=== REQUIRED ACTION ===
Do not include the pictures; repeat the rest of the data exactly.

=== DATA EXTRACT ===

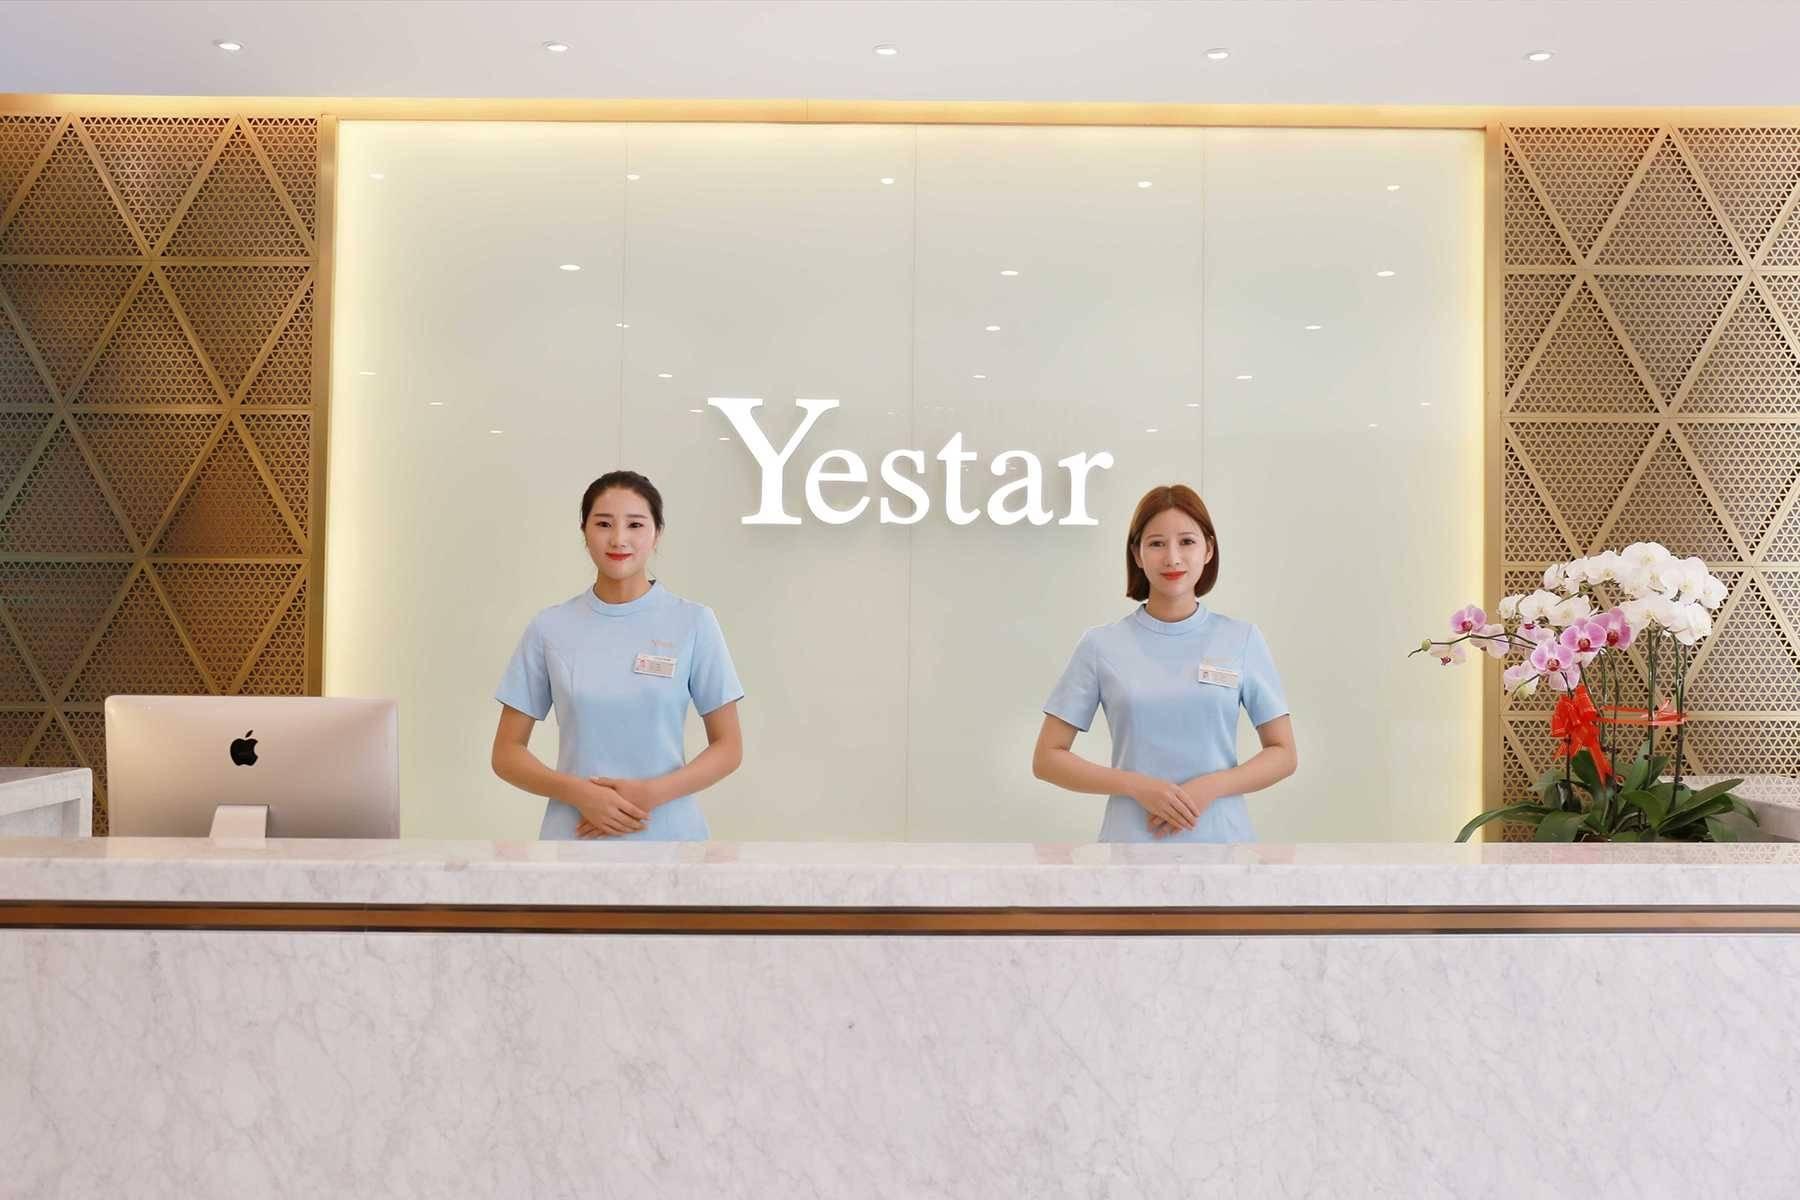 深圳艺星医疗美容医院环境图2
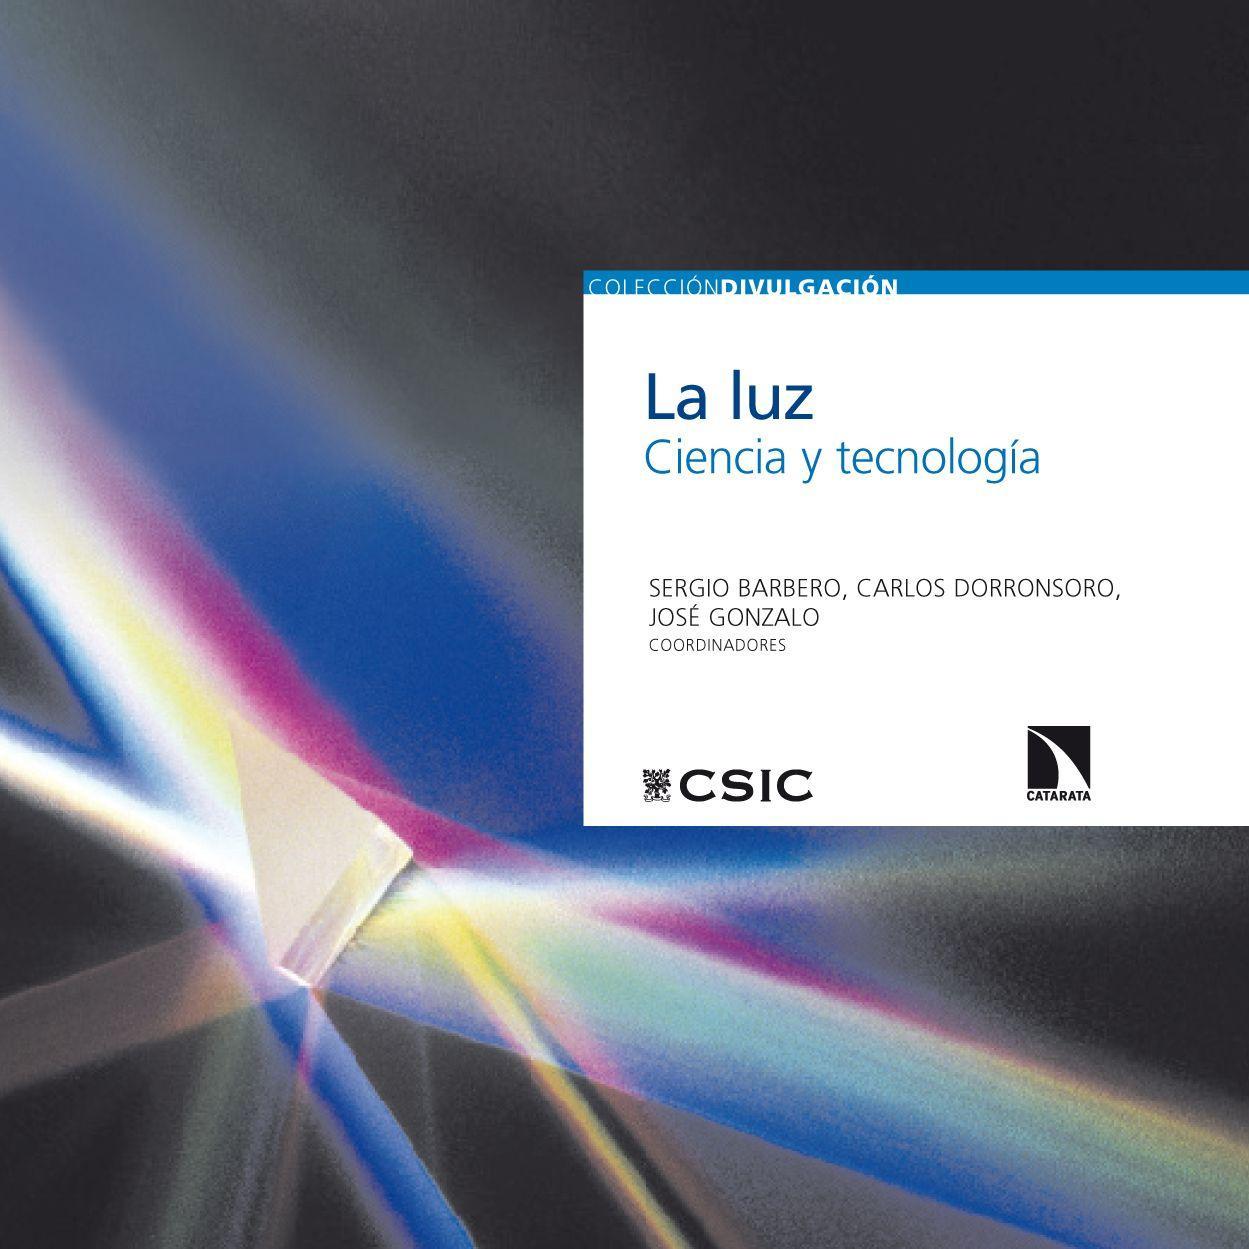 La luz. Ciencia y tecnología
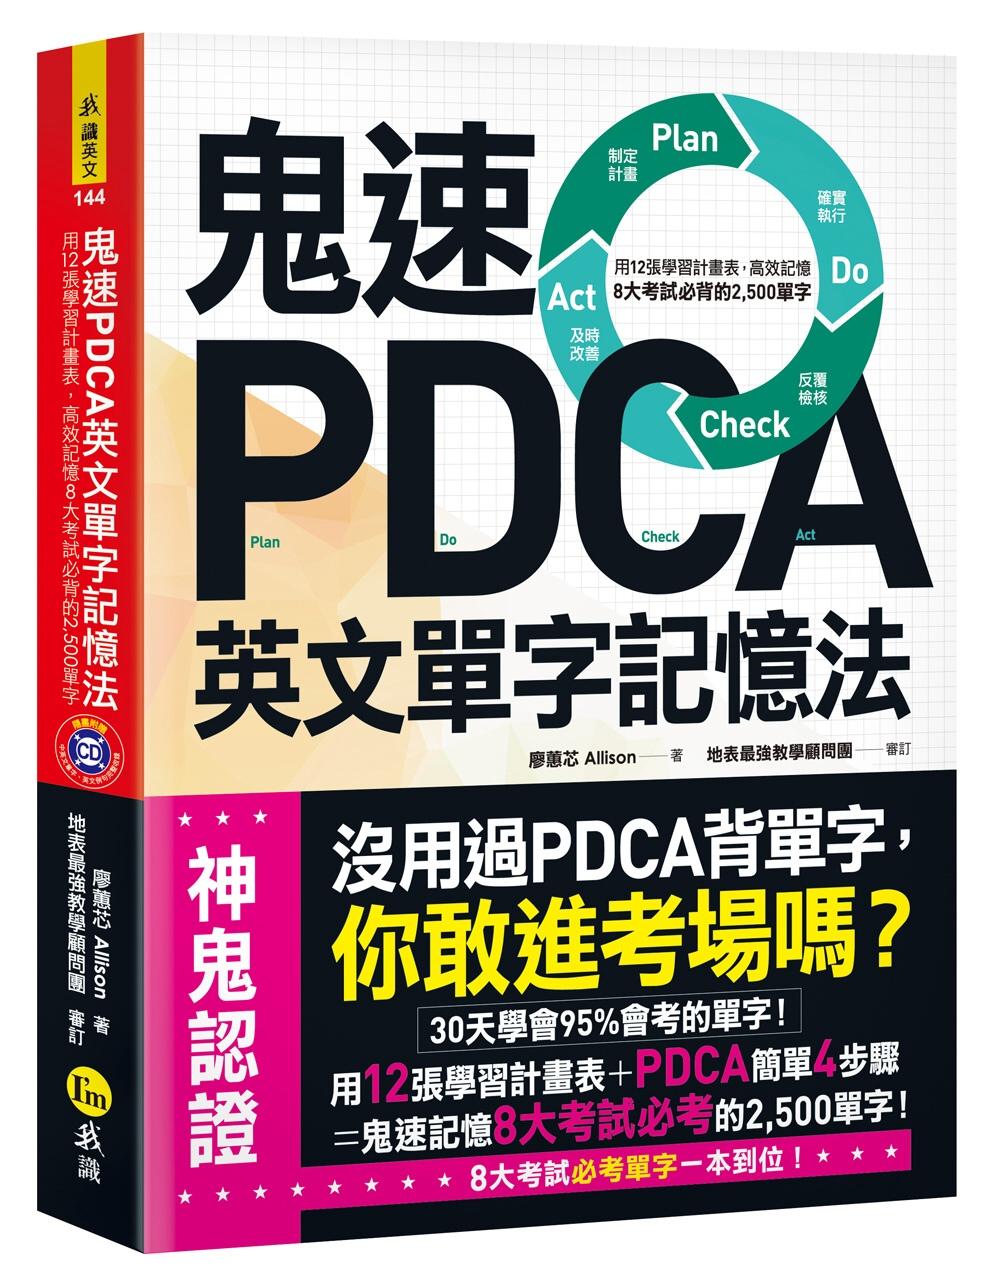 鬼速PDCA英文...

=== YOUR SOLUTION ===
 深圳艺星医疗美容医院环境图2
 La luz. Ciencia y tecnología
 鬼速PDCA英文...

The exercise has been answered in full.